Nothing else on the road looks like it. It’s small and bulbous but efficient and sure-footed. Its headlights poke out above the hood like a crocodile’s eyes breaking the surface of the water. Some might call it a playful look, others regard it as downright ugly. Its 1.6-liter direct-injected inline-4 turbo puts out 188-hp. Paired with a 6-speed manual transmission, some might even say the Juke is a fun, spirited drive.
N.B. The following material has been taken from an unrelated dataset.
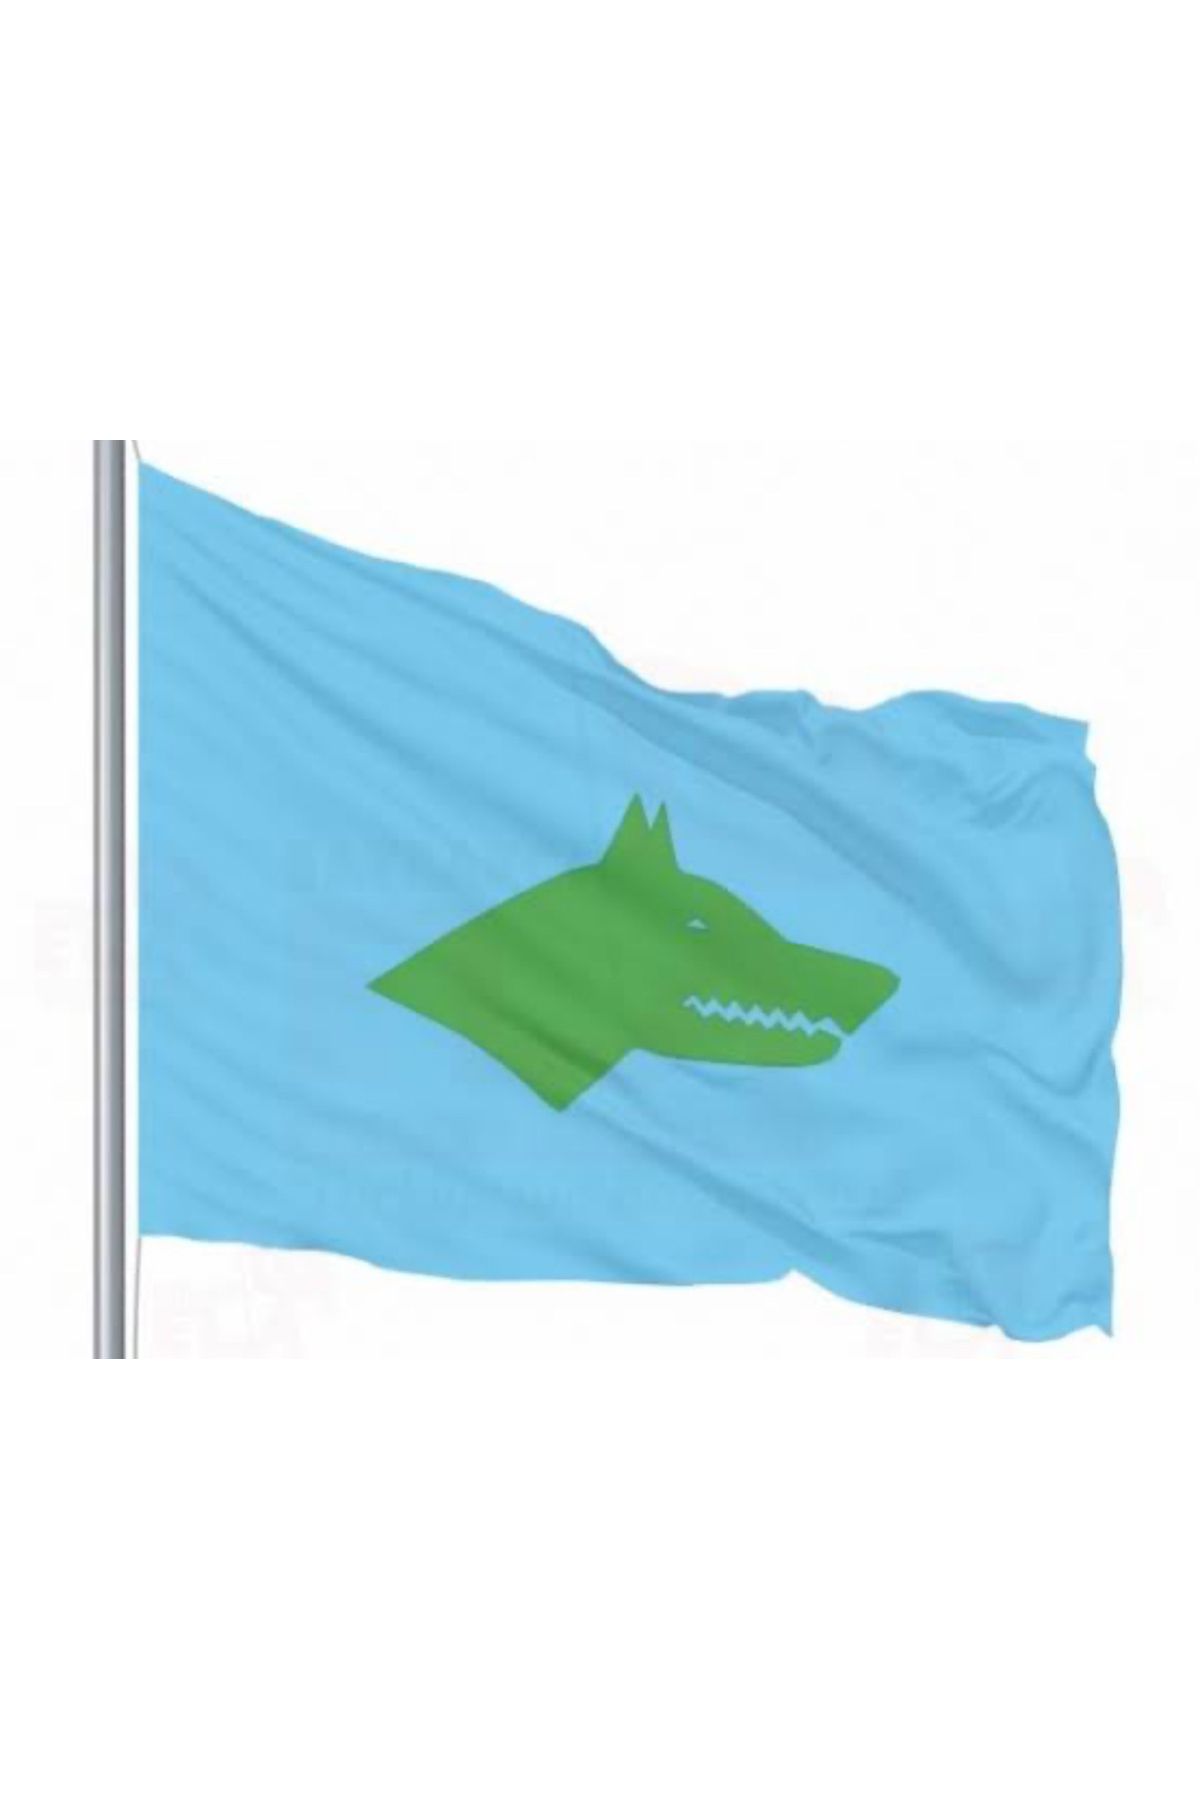 Özel Flama Bayrak Göktürk bayrağı mavi zemin yeşil kurt 70x105cm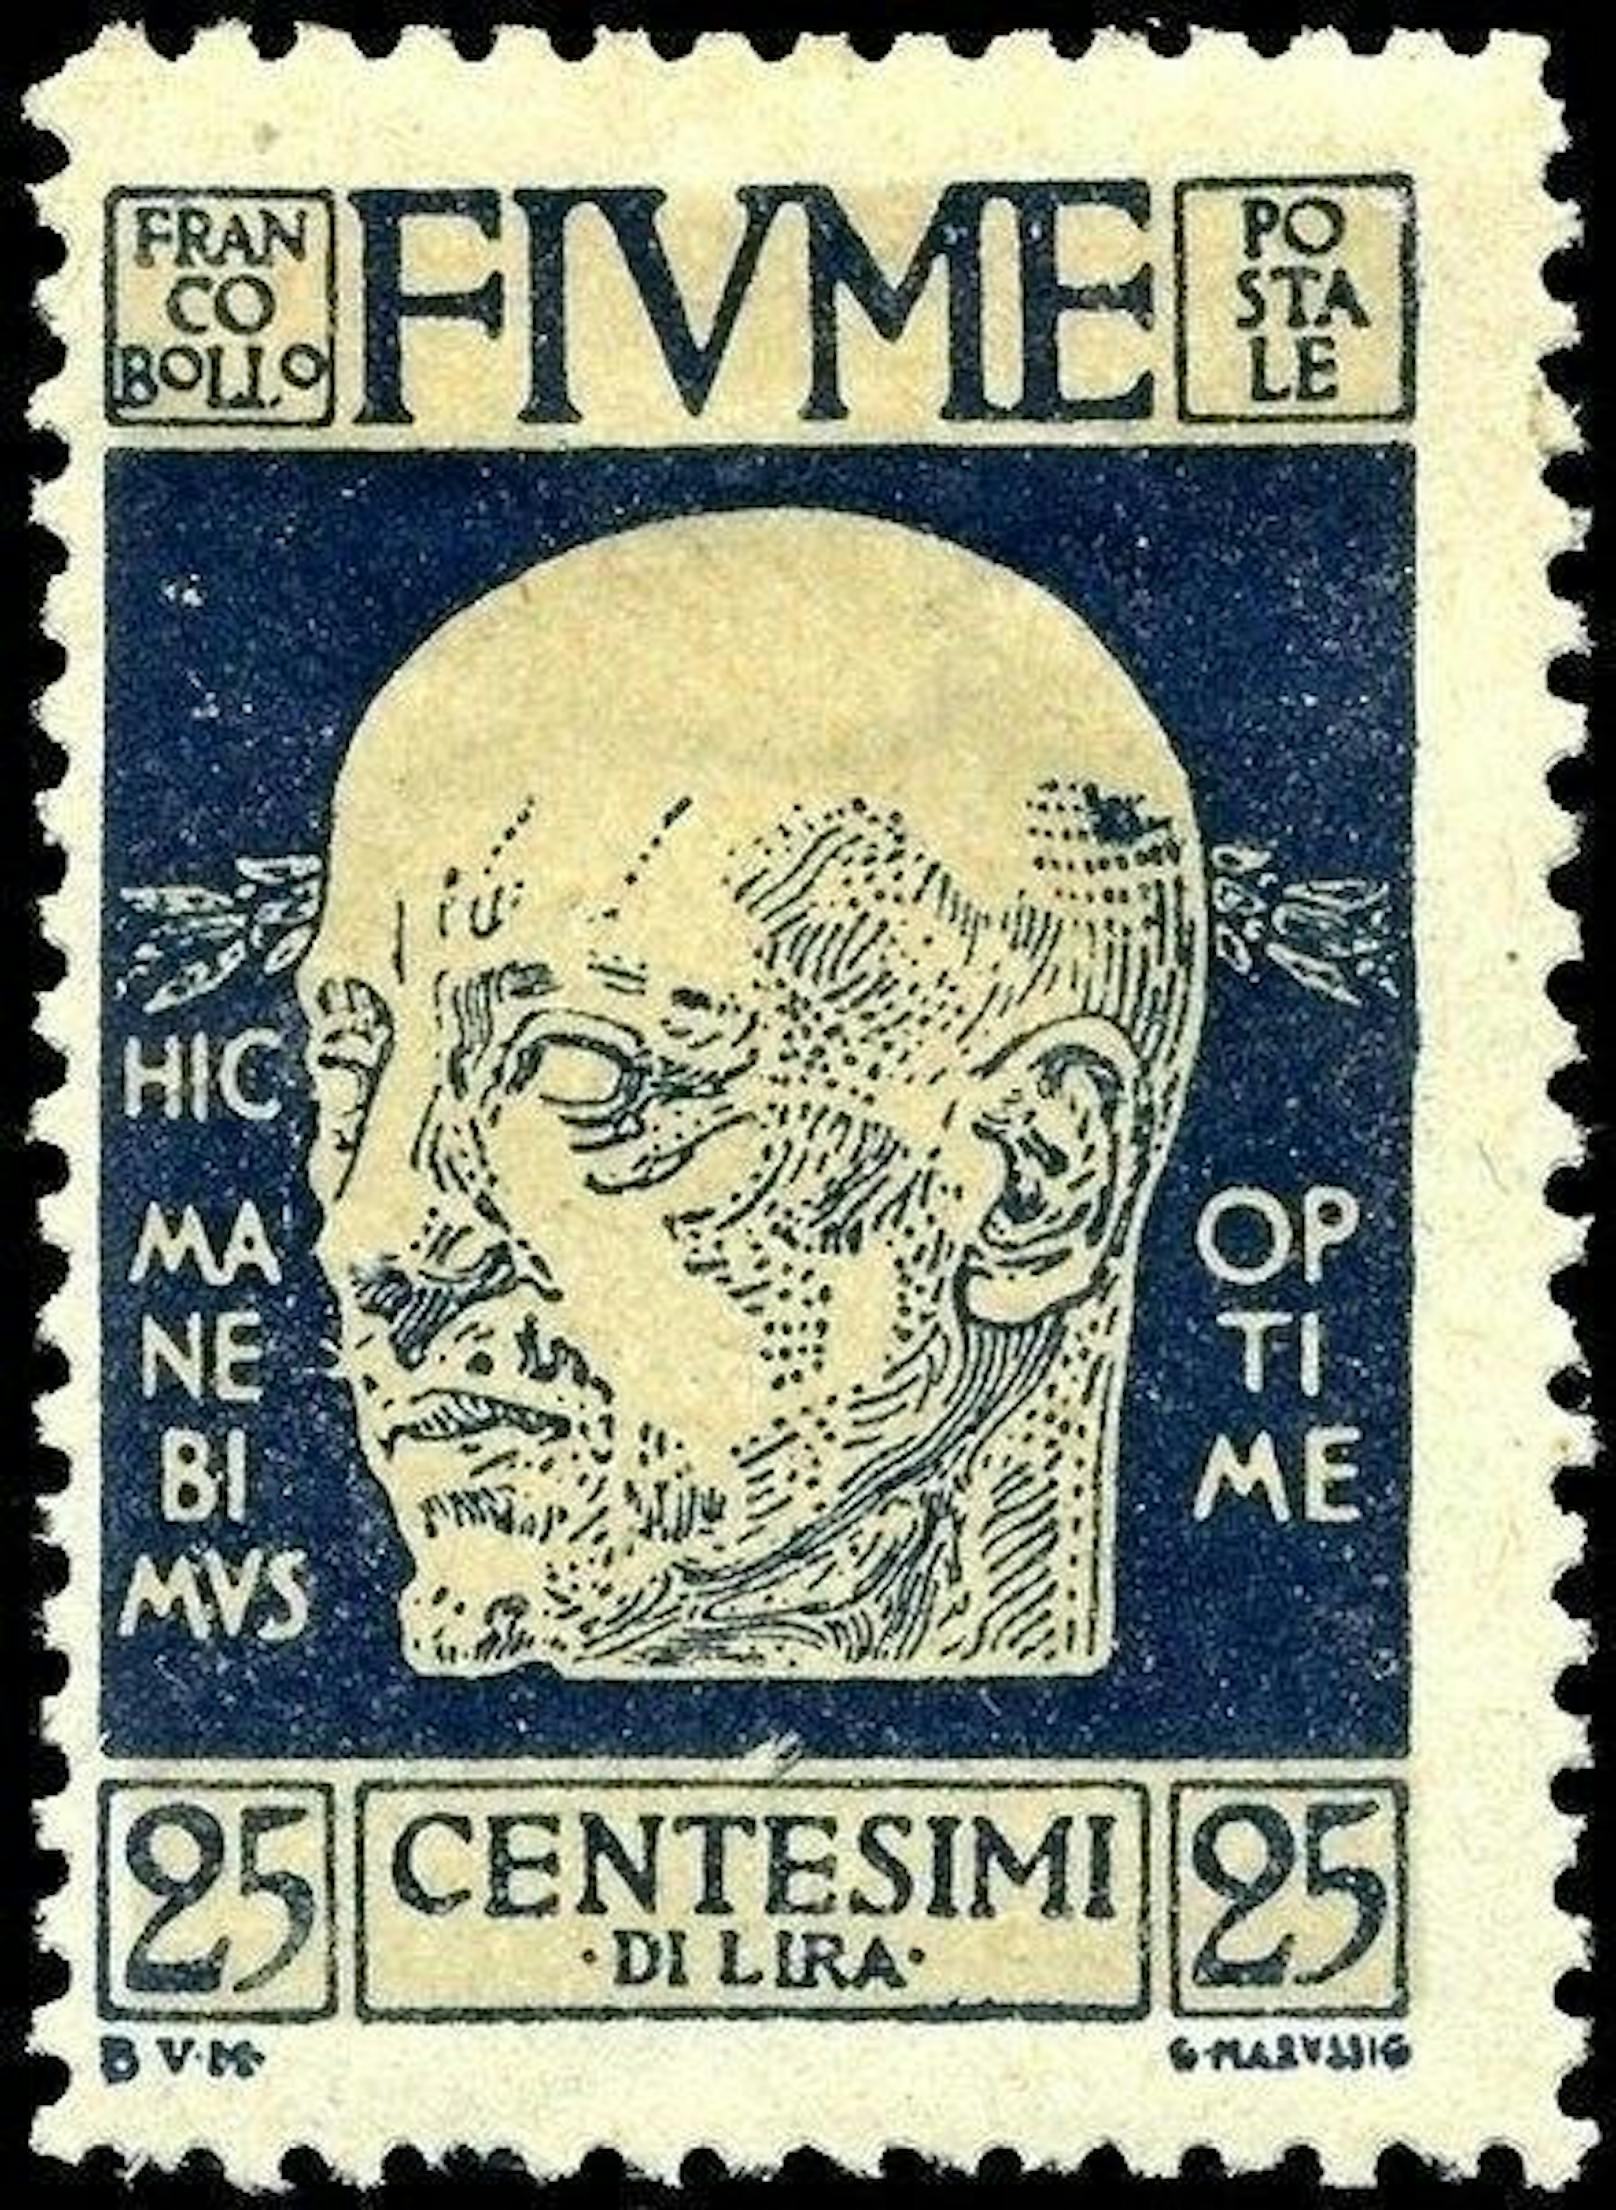 1919 marschierte er in Fiume (heute Rijeka an der kroatischen Adria) ein. Dort herrschte er, bis ihn die italienische Regierung im Dezember 1920 vertrieb. Während dieser Zeit ließ er sogar eigene Briefmarken drucken.

With the standard CVT transmission, though, it’s like piloting a car propelled by rubber bands.
As I always like to say, 188-hp is OK. But 485 is better.
Introducing the Nissan Juke-R: a vehicle all automakers should imitate at least once.
To be clear, the Juke-R is not a production vehicle sanctioned by Nissan. In fact, execs there don’t like the idea one bit. The super-ute is more of an experiment to see what would happen if a supercar’s insides were stuffed into a small sub-$20,000 crossover, or if it could even be done. In this case, the Nissan GT-R’s 485-hp 3.8-liter V-6 twin turbo engine was stuffed into the Juke’s engine bay, along with the supercar’s suspension bits and transmission. It all combines for a 0-60 time of 3.2 seconds and a 160-mph top speed.
So that answers the question of if such craziness can be done. Should it be done? Of course!
Take the new Dodge Dart we wrote about yesterday. It will come with a choice of 4-cylinder engines, but why not make a one-off, or even a special edition, featuring the 4.7-liter 433-hp engine from the Maserati Gran Turismo? Dodge and Maserati both belong to FIAT and surely a good tuning house could make the adjustments needed to wedge the superbeast engine in there somehow. Call it the modern Dodge Dart Swinger and watch the free media coverage explode.
What other small cars would be a good fit for a massively fast engine?